Organic land expands as poultry numbers fall

Organic land expands as poultry numbers fall

Britain’s organic land expanded while certified poultry numbers declined nationally. Conversion activity rose sharply, but livestock and operator numbers remained constrained.


IN Brief:

  • The UK’s organically managed land area increased by 7.3% to approximately 540,000 hectares during 2025.
  • Land undergoing organic conversion rose by 63% to 79,000 hectares.
  • Organic poultry declined by 2% to 4.8 million birds, representing 2.6% of the national flock.

Defra has recorded a 7.3% increase in the UK’s organically managed land area during 2025, taking the national total to approximately 540,000 hectares.

The figure includes 461,000 hectares of fully organic land and 79,000 hectares undergoing conversion. Conversion area increased by 63% during the year and represented 15% of all land within the organic system.

Organic land accounted for 3.2% of the agricultural area covered by the June survey. Scotland held approximately 168,000 hectares, England 301,000 hectares, Wales 64,000 hectares, and Northern Ireland 6,700 hectares.

Permanent pasture and rough grazing represented 64% of organically managed land, followed by temporary pasture at 17% and cereals at 9.3%. Vegetables, potatoes, fruit, nuts, woodland, and other arable uses accounted for the remainder.

The expansion in land did not produce growth across every livestock category. Organically reared poultry declined by 2% to approximately 4.8 million birds, equivalent to 2.6% of the UK poultry population.

Organic broiler numbers fell from around 2.51 million in 2024 to 2.38 million in 2025. Organic laying hens increased from approximately 2.17 million to 2.23 million, while other poultry declined to 139,000 birds.

Registered organic producers and processors also fell by 2.5% to 5,004. The total includes producers, combined producer-processors, and processing operations such as abattoirs, bakeries, storage businesses, and wholesalers.

Conversion growth will not create instant volume

The sharp increase in land entering conversion points towards a larger future raw material base, although certified output develops slowly. Land must complete the required conversion period before products can be sold as organic, while livestock systems need compliant feed, husbandry, housing, welfare, veterinary, and traceability arrangements.

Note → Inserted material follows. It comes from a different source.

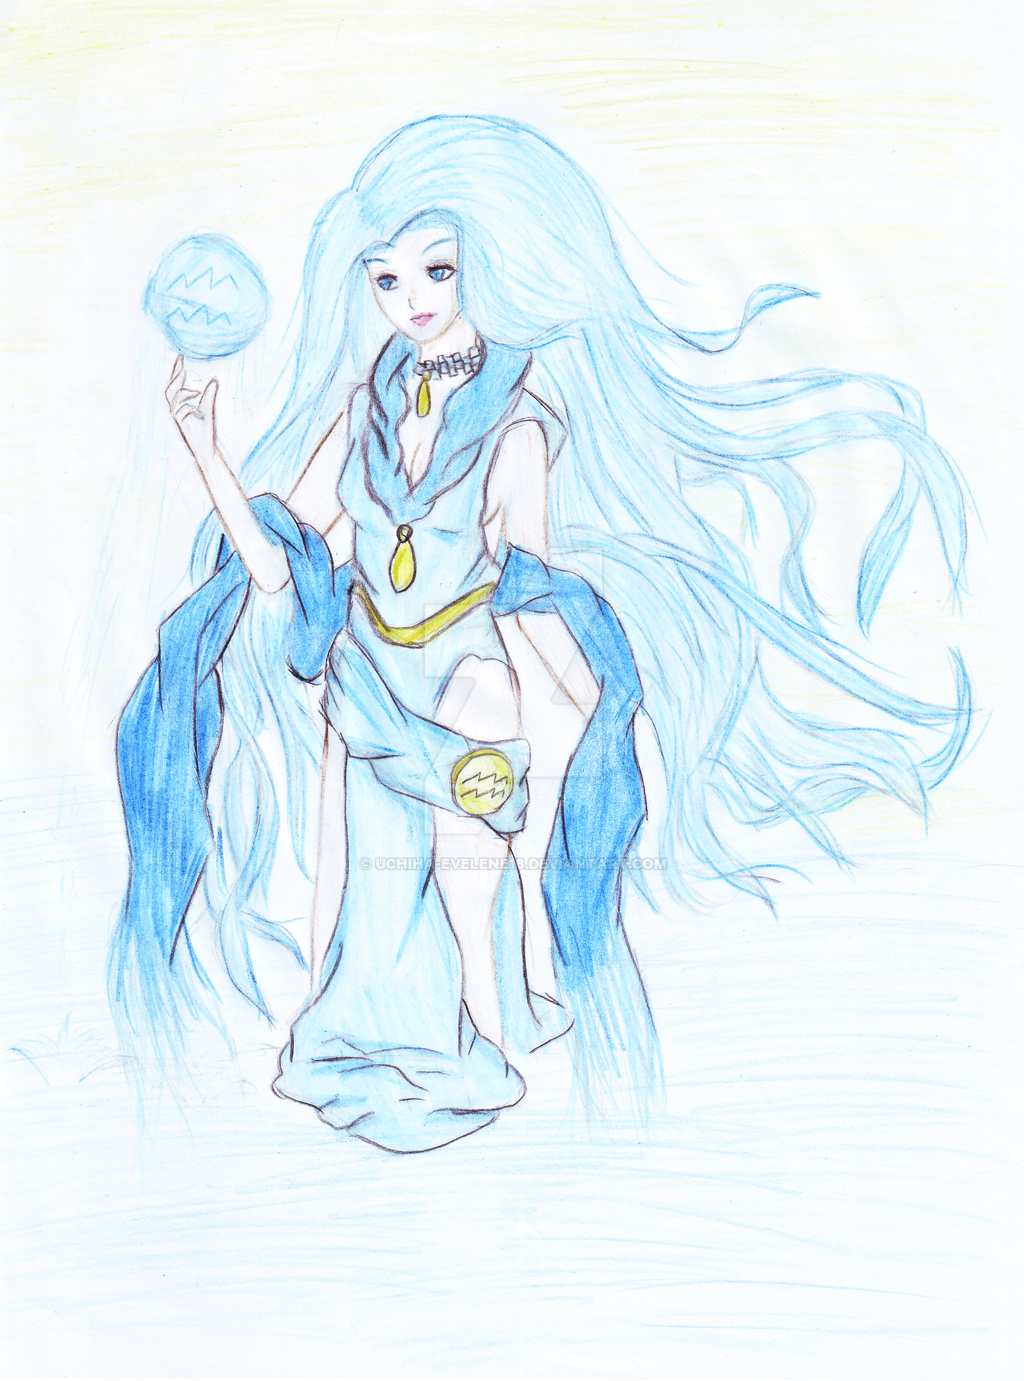 Aquarius (Female) by Uchiha-Evelene18 on DeviantArt  Anime Aquarius

Much of the additional area consists of pasture rather than immediately available arable production. That can support cattle and sheep, but it does not automatically expand the cereals and protein crops required by poultry farms or food ingredient manufacturers.

Organic poultry remains constrained by feed availability and cost. Birds require nutritionally balanced rations containing suitable energy and protein, while organic sourcing rules reduce the flexibility available to conventional producers and can increase reliance on imported ingredients.

Broiler production must also maintain acceptable growth, mortality, welfare, and processing performance at a price consumers will pay. With organic birds representing a small share of the national flock, processors can struggle to justify dedicated slaughter, cutting, packing, and storage campaigns unless supply is sufficiently concentrated.

Mixed factories require clear segregation and records from reception to dispatch. Production scheduling, cleaning, carcase identification, ingredients, packaging, labels, rework, and mass balance must protect organic status while the site continues handling conventional products.

Short campaigns increase unit cost because certification, cleaning, administration, and changeover time are spread across fewer birds. The processor may also need to hold several organic cuts and pack formats to balance the carcase even when demand concentrates on a small number of premium lines.

Egg production holds a stronger organic share than broilers, reflecting established retail ranges and clearer consumer familiarity with laying systems. Growth in organic laying hens could support packing and ingredient supply, although feed, disease, housing, and labour costs remain significant.

Water, housing, and flock monitoring continue to attract investment across every production system. Nanobubble water treatment operating across 12 poultry units has generated data covering more than 50 million birds, linking drinking water condition with hygiene, line cleanliness, and flock performance.

The fall in registered operators provides a second constraint. A larger land area can coexist with fewer businesses when holdings consolidate, registrations change, or smaller processors leave the market, leaving resilience dependent on the number, location, and capability of active operators rather than hectares alone.

Organic food and drink sales continued rising during 2025, increasing pressure to align demand with domestic production. Where supply fails to develop at the same pace, manufacturers face imported raw materials, restricted availability, or price premiums that prevent products moving beyond specialist ranges.

Organic launches also require longer preparation than a conventional recipe change. Supplier certification, audit schedules, ingredient availability, minimum order quantities, storage separation, packaging, artwork, and retailer approval can decide whether the product remains commercially workable.

The 79,000 hectares now in conversion could widen supplies of feed crops, vegetables, fruit, and livestock during the coming years, provided that farms have a credible outlet once certification is complete. Without processing capacity and committed buyers, additional land does not automatically become saleable manufactured food.

The 2025 figures therefore show expansion and constraint operating together. Organic land is growing, but poultry numbers and operator registrations remain under pressure, leaving the manufacturing opportunity dependent on whether new certified production emerges in the right locations and at sufficient scale for efficient factory use.